Writing the first draft of a novel can be thrilling. When a writer feels inspired the words flow. Every word seems a treasure. The writing experience can be equal to Cinderella’s exquisite night at the ball.
Once the euphoria of completing the first draft ebbs, and the manuscript has rested in its cozy little file for a few weeks, the author returns to her novel to continue the writing process. It’s time to do the first read through and fix the little typos and inconsistencies, spelling errors and poorly-worded phrases which are likely to be found in the otherwise perfect gem she created during her weeks of inspiration. In other words, she needs to edit her masterpiece.
Sometimes this return to the book she’s been proud of for weeks or months can be a shocking experience. Sometimes it can be horrifying! Instead of discovering a healthy, bouncy newborn living and breathing in the manuscript she labored to write, the novelist finds an octogenarian existing solely on life support.
Cinderella’s clock has struck midnight, and it’s time for revisions.
Unlike edits which are minor changes as noted above, revisions may require anything from major changes in the plot to cutting unnecessary scenes and characters.
Rewriting and revising may be used interchangeably by some in the writing business; however, revising generally implies something a bit more labor-intensive.
Rewriting refers to such things as taking a paragraph or scene from the “telling” state to the “showing” state or changing a narrative part of a story to a scene.
In case this seems a bit muddled for beginning writers, let me give some examples to illustrate my points.
What is meant by changing “telling” to “showing” in rewriting: If the original prose says, “Mary told Ted she was leaving because she couldn’t handle his humming anymore. Ted was glad to see her go.” the scene becomes:
“I’ve had it, Ted. I can’t stand that never-ending humming another minute!”
“Your humming! You never stop! I can’t stand it!”
“I’ve been humming? I never noticed.”
Mary gave him a look that would frighten a gorgon. “I’m out of here!”
Ted scratched his head and grinned at the slammed door. “I wondered how long it would take her to get ticked off enough to leave.”
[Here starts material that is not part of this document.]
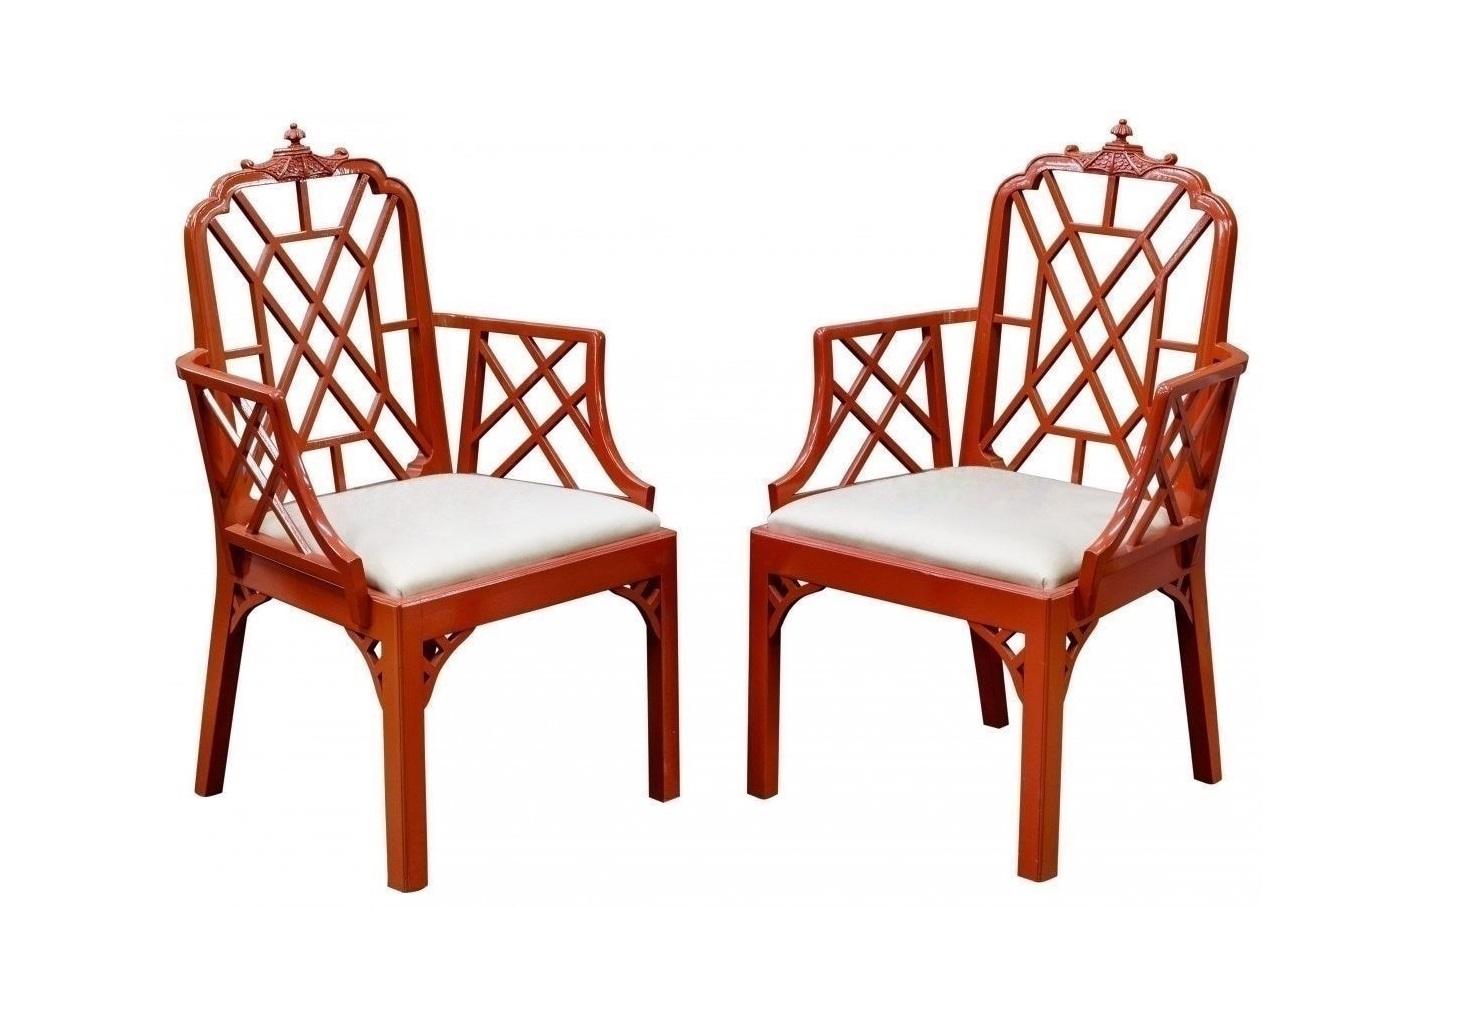 Beautiful set of 6 vintage Chinese Chippendale chinoiserie Pagoda dining chairs. This set includes 2-arm and 4 side chairs. The frames newly professionally finished in a reddish salmon lacquer, new upholstery and new foam as well. Featuring pagoda

The above example is also an illustration of changing narrative (Mary told Ted she was…) into a scene. Rewriting would include doing the reverse to change a scene into narrative. Instead of creating a scene which may not be necessary because it would only slow the pace of the story without adding a lot of important information, the writer may choose to merely state the necessary information, particularly when transitioning from one scene to another.
Revision example: Character inconsistencies. If the first half of a novel clearly portrays a major character as strong and forceful and the second half portrays him as barely being able to decide whether he wants pie or cake for dessert, the book needs major revisions. The author will have to rewrite every scene featuring this character in order to be sure he has a consistent personality. When she does, what she rewrites will inevitably affect other characters’ actions/reactions and perhaps even the action of the plot. Thus the storyline, characters, many aspects of the book are in for big revisions. I don’t even want to think about the work involved in this type of necessary revision!
Revisions, rewrites and edits are all a part of taking a manuscript from first draft to publication. All are necessary; none are as much fun as writing the first draft, in my opinion. But if we writers want to go from first draft to publication, we’ve got to be willing to put in the time and energy necessary to make our books the best they can be.